I love my husband, and truthfully, finding glasses with yesterday’s green tea still in the bottom shoved in between the couch cushions and walking down the hall to the bedroom picking up his flung socks, the ABU pants and blouse, and t-shirt along the way, brings a smile to my face. He’s quirky and cute and I love it. As for Jonah, he is wild and crazy and keeps me on my toes. I adore him and he is my constant friend (and probably good practice for having a baby).
Proverbs 31:27 tells us of the woman I hope to be- “She looks well to the ways of her household and does not eat the bread of idleness.”
I have resolved to glorify God in all I do (or try my very hardest). Even if I feel that my daily tasks are unimportant and aren’t changing the world (like scrubbing the toilet), I will do them with a joyful heart. I praise God for all the blessings he has given me.
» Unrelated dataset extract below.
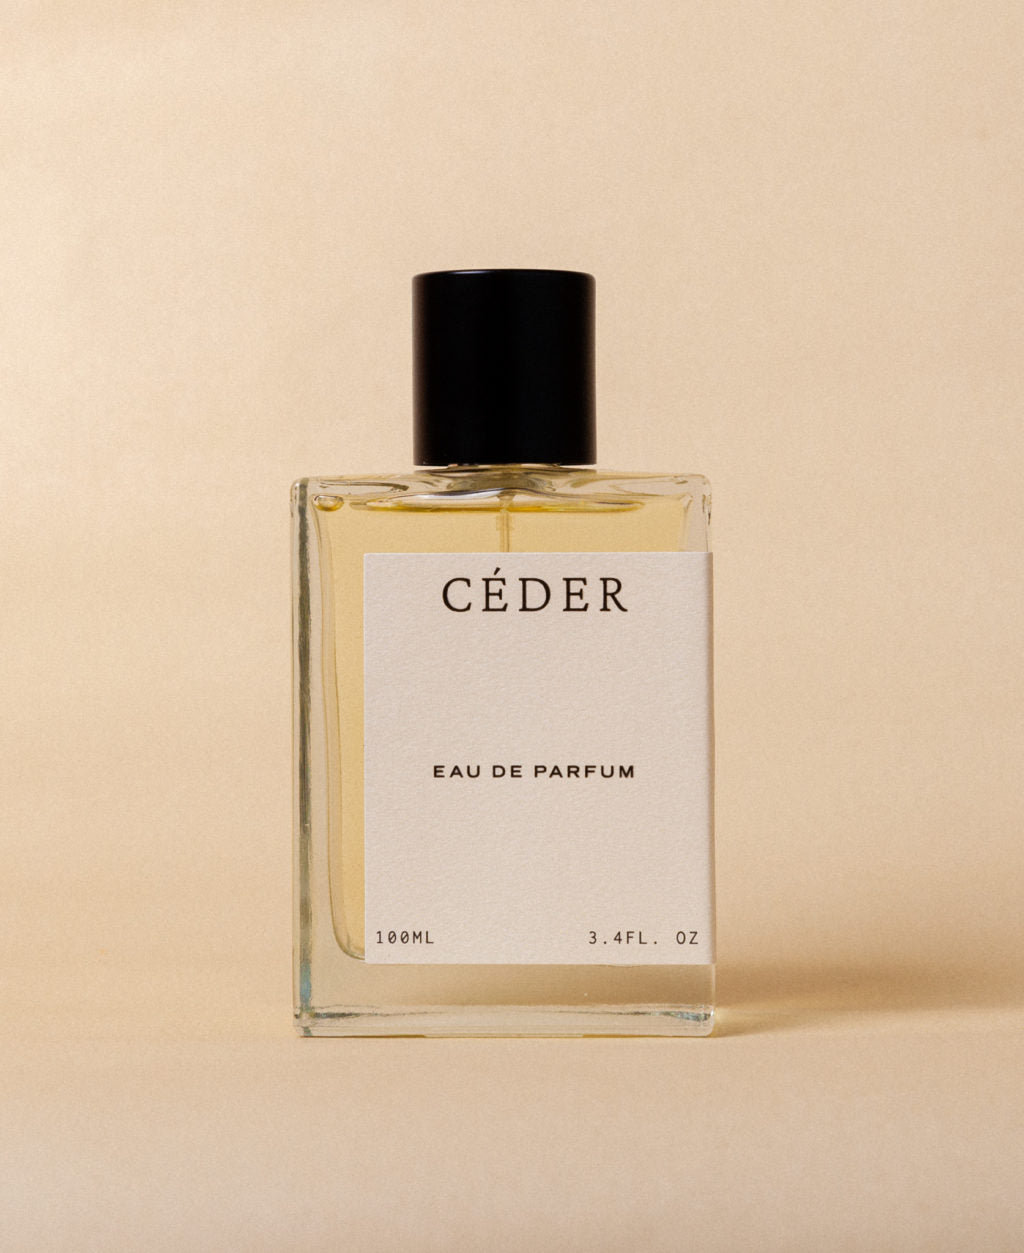 Loess Perfume Cèder

I have the wonderful opportunity to spend all day with my dog, walking and playing with him, preparing a nourishing meal for my husband, and keeping the roof over our head a cozy, warm, and loving environment for my family. Doing these things….I can glorify God. It is my privilege and my pleasure to run the Stenger Household.
Colossians 3:23-24, “Whatever you do, do it enthusiastically, as something done for the Lord and not for men, knowing that you will receive the reward of an inheritance from the Lord. You serve the Lord Christ.”
How can you glorify God in your everyday life? What is your privilege and pleasure?